Acacia Mining continued to be hit by the Tanzanian ban on gold and copper concentrate exports, but its mines in the country continued to operate normally in the first quarter of the year.

The FTSE 250 miner produced 219,670 ounces of gold, up 15% than the same period last year as the North Mara mine delivered “strong production”, there was a “significant step up” at Buzwagi but Bulyanhulu had a “slower start” to the year.

Gold sales of 184,744 oz fell by almost 35,000 oz from the fourth quarter of last year due to the Tanzania hiatus and flat on the first quarter of 2016, though the company enjoyed a 6% increase in gold price.

On 3 March, Tanzania's President John Magufuli issued a directive banning exports of gold/copper concentrate.
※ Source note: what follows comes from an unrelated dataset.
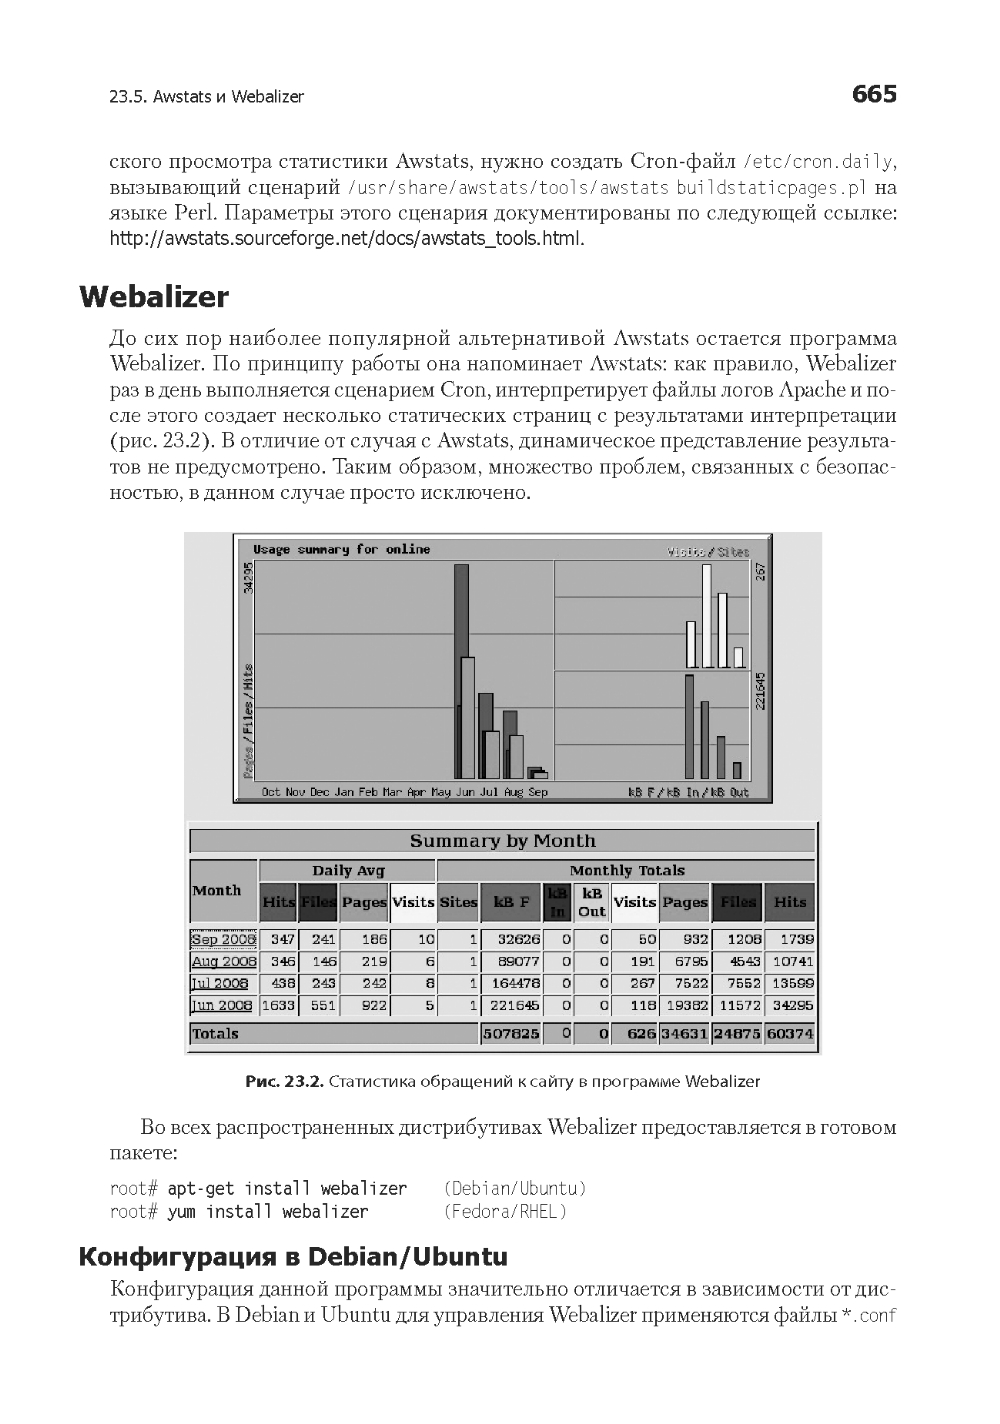 http://i5.imageban.ru/out/2013/12/11/2e0250c37a08174e56eba6b68fd77a6a.jpg

Acacia's Bulyanhulu and Buzwagi mines were both affected as they produce gold in both doré and concentrate form, while North Mara was unaffected due to 100% of its production being doré.
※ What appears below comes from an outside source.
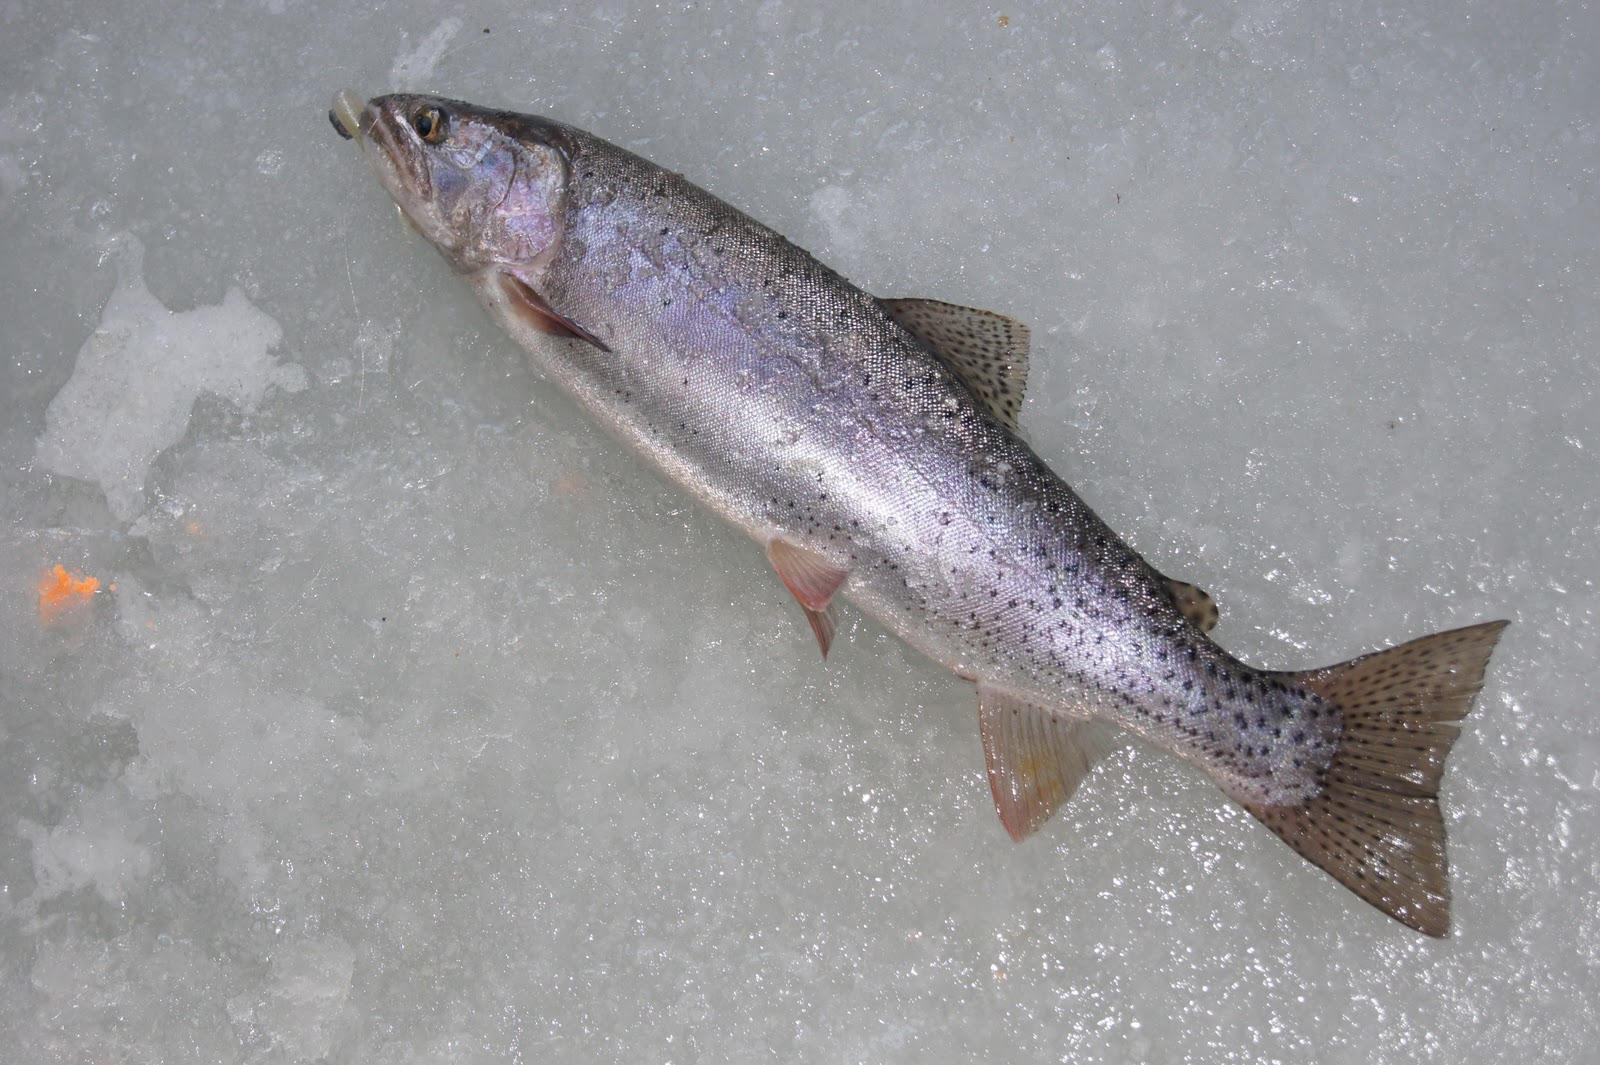 Southern utah hunt and fish panguitch lake dec 9 2011 for Panguitch lake fishing report

The impact of this ban on sales saw net cash decrease to $196m during the quarter, with indirect tax outflows also hitting, down from December's $317.8m.

On the upside, cash costs were down 17% on last year to $577 per ounce sold, with all-in sustaining costs down 3% to $934 per ounce sold.

Revenue rose 6% to $234m as increased production and gold prices offset the impact of lower revenue from gold/copper concentrate sales, with concentrates accounting for around 30% of revenues.

Earnings before interest, tax, depreciation and amortisation jumped 25% to $82m and net earnings of $27m compared to the $52m loss last time.

Acacia declared a first provisional corporate tax payment of $8.7m the quarter due to the strong North Mara performance.

Tanzania's export ban

CEO Brad Gordon said "we continued to engage with the Tanzanian Government in order to be able to resume the export of gold/copper concentrate" and the company has even offered to support the Tanzanian government in a new study by third party experts to assess the economic potential of building a smelter in the country capable of processing Acacia's concentrate as well as looking for other solutions to help address "related issues" the government has.

The company stressed that it has been exporting concentrate from Bulyanhulu since 2001 and from Buzwagi since 2010 with all associated gold, copper and silver revenue declared, with both mines having been in full compliance with overseas sales laws and export permits.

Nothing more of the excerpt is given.